RFC: Minimum-bid PoX (to thwart Bitcoin MEV)

F2pool has stopped mining STX in recent days FYI. Maybe b/c they saw this thread. Maybe b/c they were tired of being orphaned every block by The Entity. Maybe some other reason. But fwiw they are not mining right now.

In terms of these proposals, I am strongly not in favor of a minimum total commitment, for a couple of reasons. First, good-faith miners get hurt, as pointed out by @muthu.btc early in the thread. Specifically, they get hurt when they make it into a Bitcoin block that other miners didn’t make it into, whether due to flash blocks, Bitcoin network congestion (i.e. high fees), or yes Bitcoin MEV. Obviously the Bitcoin MEV case is pure value extraction, but I’d argue that the other two cases are a real service to the network. An STX miner is mining a block that otherwise wouldn’t have been mined and doing it in good faith, and the protocol should not simply take their money b/c other miners failed to get into the block.

However, that’s not even the biggest issue. The biggest issue is that the proposal exposes Stacks to catastrophic scenarios where the network simply comes to a halt. @jonkho alluded to one such scenario above, which is when the BTC/STX exchange rate rapidly shifts such that it becomes unprofitable for miners to mine even at the 90th percentile total commitment. Most miners are not going to willingly lose money, so if the mining pool is self-interested and is not asleep at the wheel, then mining will simply stop. At best someone (likely the foundation) will need to willingly mine at a loss in order to keep the network going.

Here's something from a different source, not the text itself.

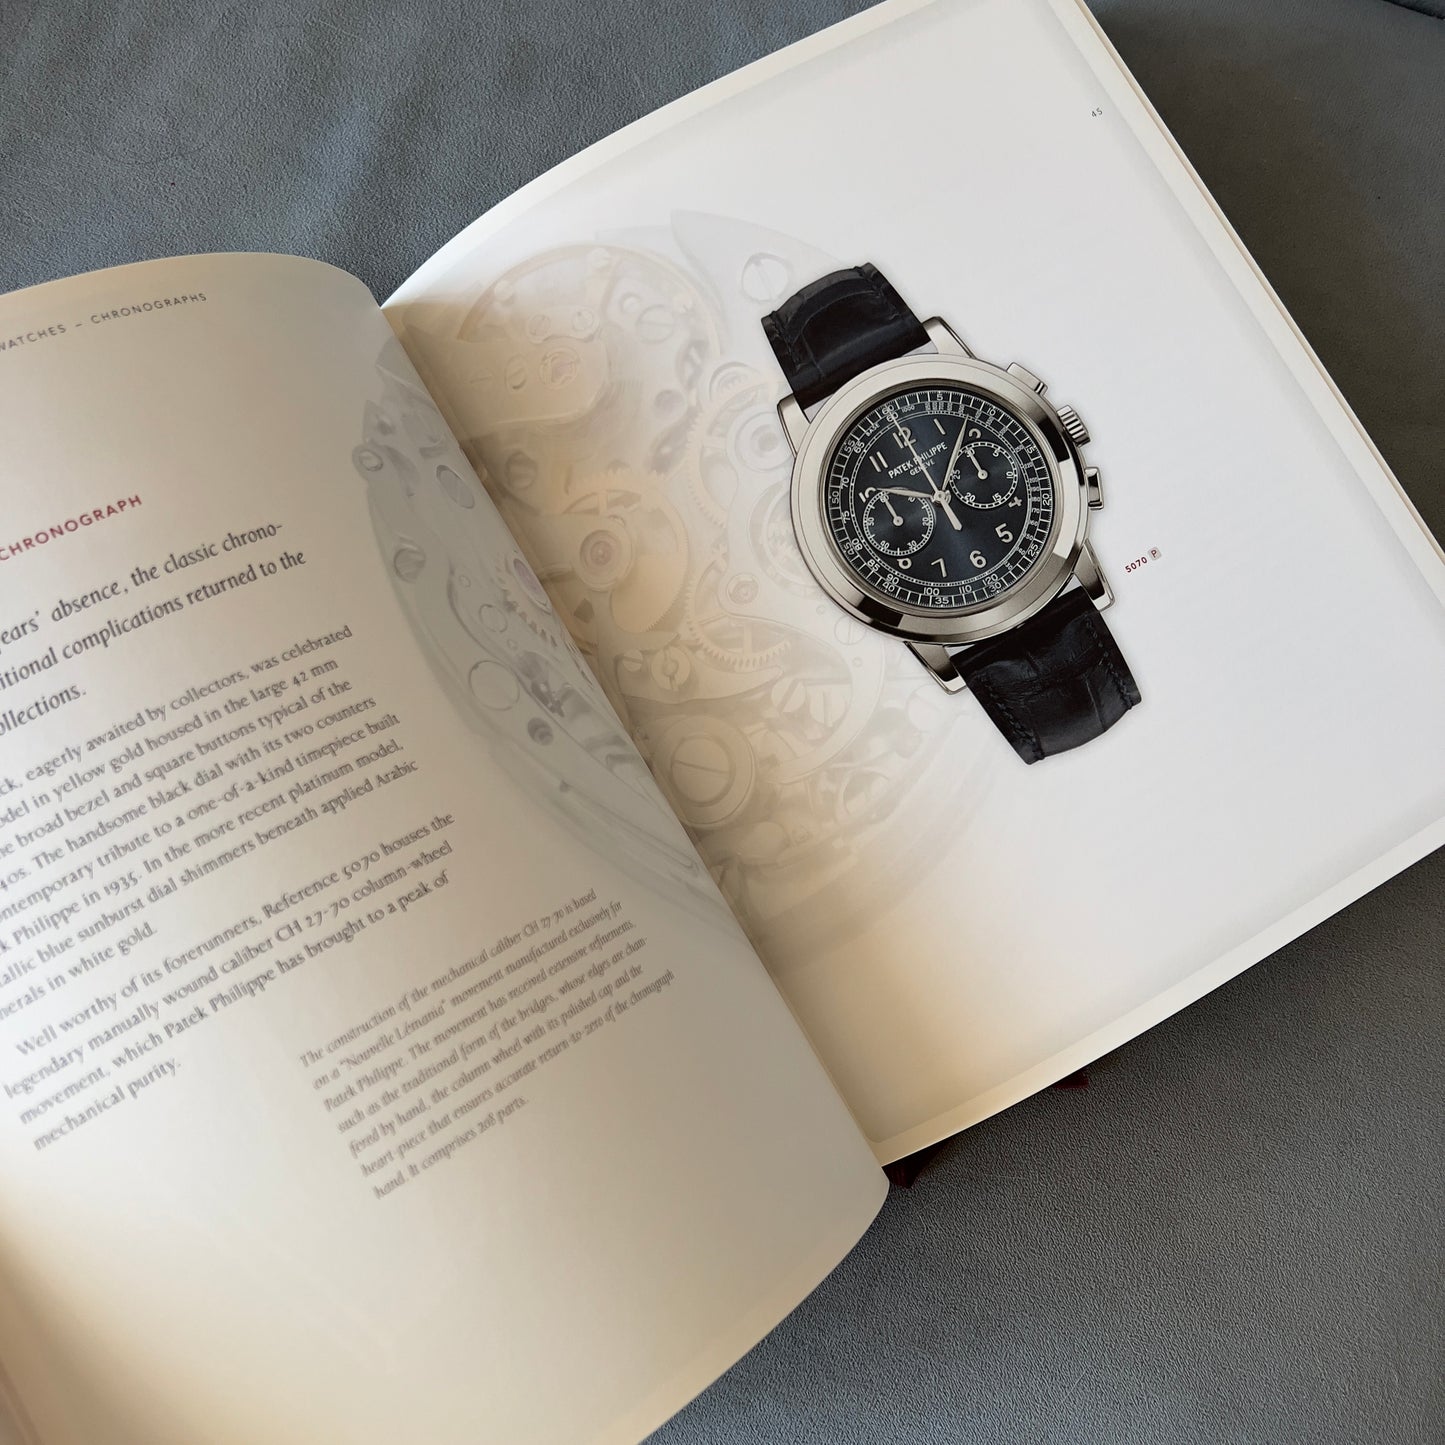 PATEK PHILIPPE Genève Collection 2009-2010 Collectable Table Book

A similar scenario could play out if a large STX miner leaves the pool or goes offline for any reason. That loss of that capital would surely drop the total commitment of the mining pool below the 90th percentile. Maybe the remaining miners would immediately make up the difference, but that is far from a guarantee. Those miners would need to be monitoring and actively responding to the commitments of other miners, and they would need to have significant capital readily on hand. If the former is not true, then the miner will simply get screwed as they continue to pay BTC (and mine Stacks blocks) without any opportunity to win STX rewards. If the former is true but the latter is not true, then the miner will simply stop mining for the time being, thus driving the total capital of the mining pool even further from the 90th percentile threshold.

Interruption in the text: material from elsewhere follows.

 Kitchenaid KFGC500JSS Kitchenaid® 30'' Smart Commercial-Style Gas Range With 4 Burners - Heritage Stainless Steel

In regards to the sliding window proposal, I like that one much better. It’s fair to good-faith miners, doesn’t expose the network to catastrophic scenarios (at least not that I can think of), and places less of a burden on miners when it comes to monitoring the actions of other miners.

Fwiw I’m also in the camp that doesn’t think the Bitcoin MEV issue is that serious, especially with F2pool having now gone offline and with a plan to Lift mining off of Bitcoin possibly on the medium-term roadmap. But if the decision is to definitely act on this and we’re choosing between these two proposals, I would strongly favor the sliding window approach.